We’d already heard from FCA (Fiat Chrysler Automobiles) that it plans to step ahead efforts in the domain of electrification in the next 12 to 18 months. And Dodge is part of its plan.
"I think the absolute future is electrification of these cars. That's not necessarily bad. It could be [battery electric], it could be [plug-in hybrid], it could be regular hybrid, could be e-axles, any one of the number of electric technologies. But I am a firm believer that electrification will be the key to high performance in the future."
- Tim Kuniskis, head of passenger cars for FCA, speaking to Automotive News
This came immediately after the reveal last week of the Widebody versions of the new Dodge Charger, and it confirms earlier comments by sources who said that that the Challenger Hellcat was going to incorporate some form of electric technology.

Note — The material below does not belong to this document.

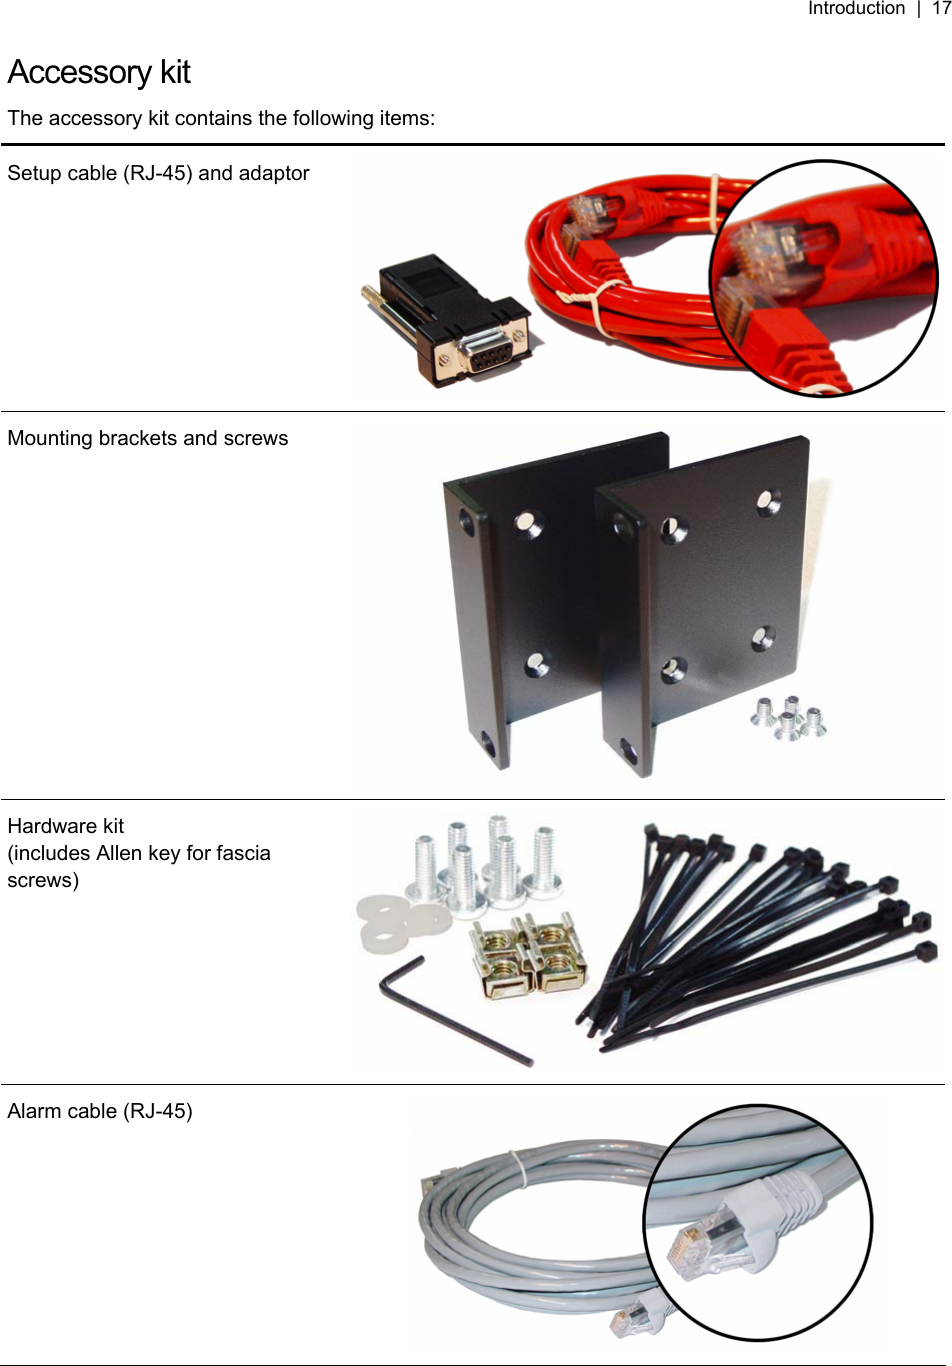 Introduction  |  17   Accessory kit The accessory kit contains the following items: Setup cable (RJ-45) and adaptor Mounting brackets and screws Hardware kit (includes Allen key for fascia screws) Alarm cable (RJ-45)

For Dodge, as for all automakers, the catch is dealing with the costs related to the new technologies. Hence the recent negotiations with French auto group Renault regarding a possible merger.
Kuniskis added that “We don't have the price points of the batteries down to a place where, quite honestly, it's a mainstream proposition”. At the same time, he acknowledged that the next step up in terms of performance would require the use hybrid powertrains, citing as exampled the Porsche 918 Spyder, Acura NSX and Ferrari LaFerrari.

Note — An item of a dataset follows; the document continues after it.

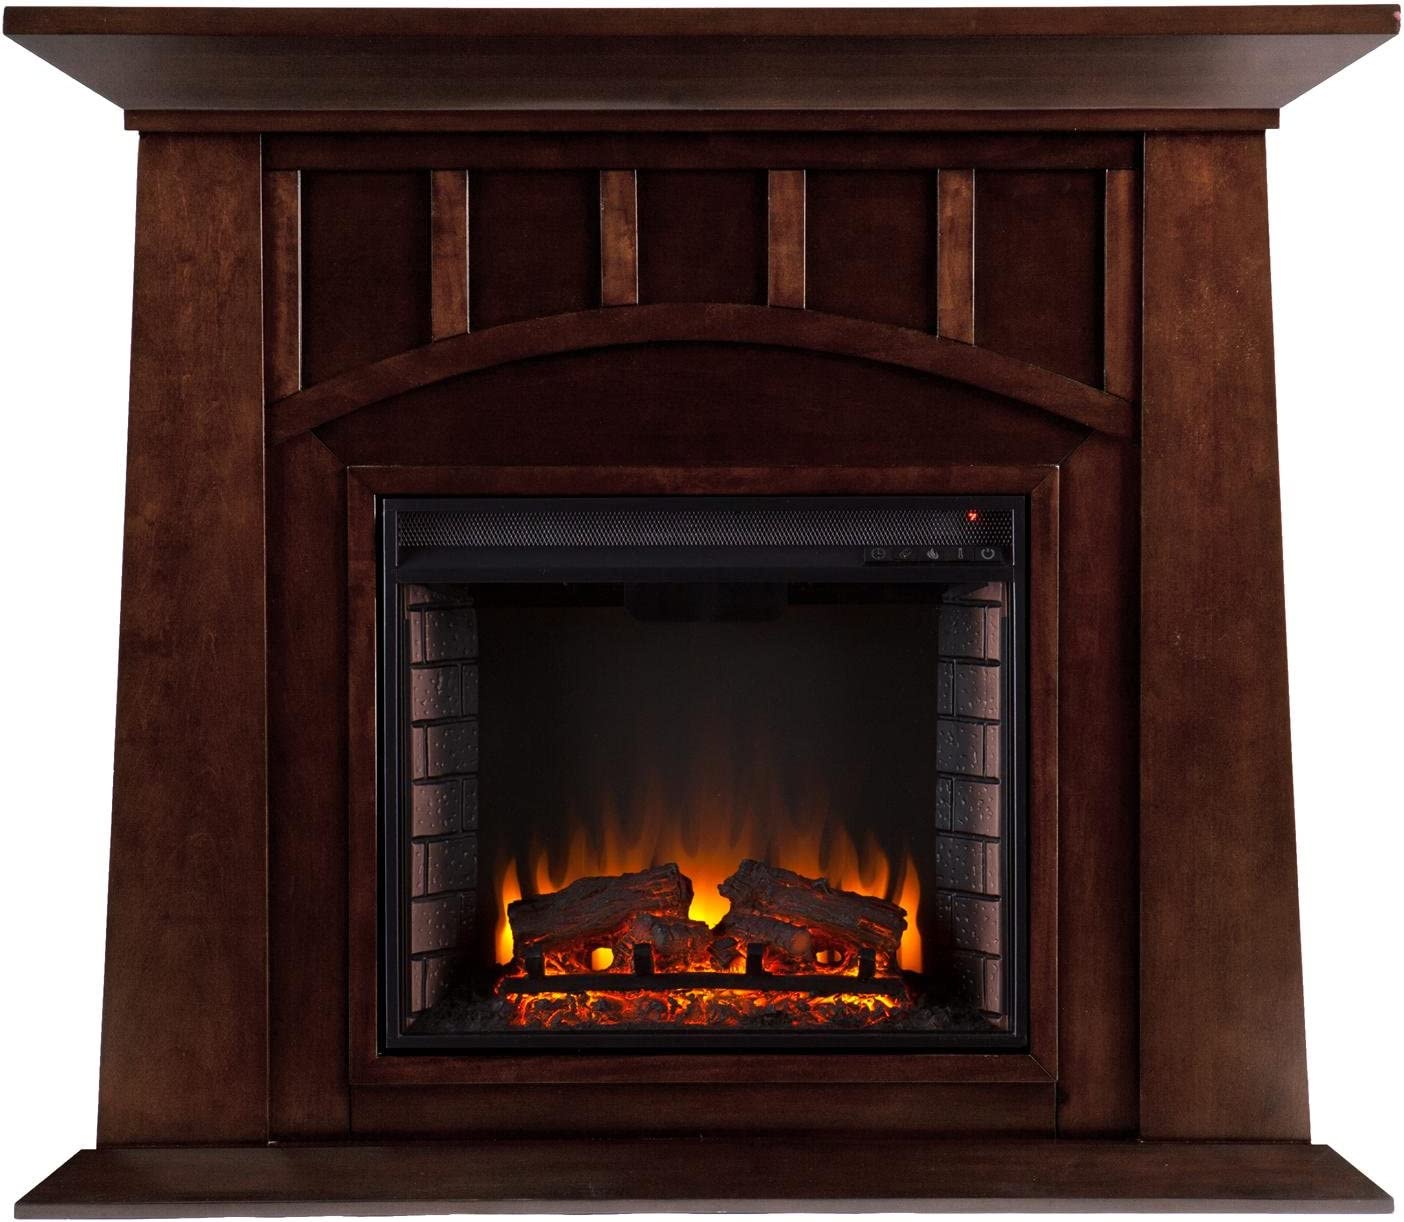 Southern Enterprises Lowery Electric Fireplace in Espresso

The executive also took pains to mention that although the addition of electric power would enhance performance, it would still be a challenge to get consumers to accept the new reality of electrification. In his view, that switch would be flipped once the new powertrains are affordable, maybe even more so than traditional combustion-engine ones.
What this adds up to is, don’t expect the current-generation Dodge Charger and Challenger to be produced as hybrids. But the next generation of each model certainly will, in some shape or form. Unofficial word is that it’s already being worked on.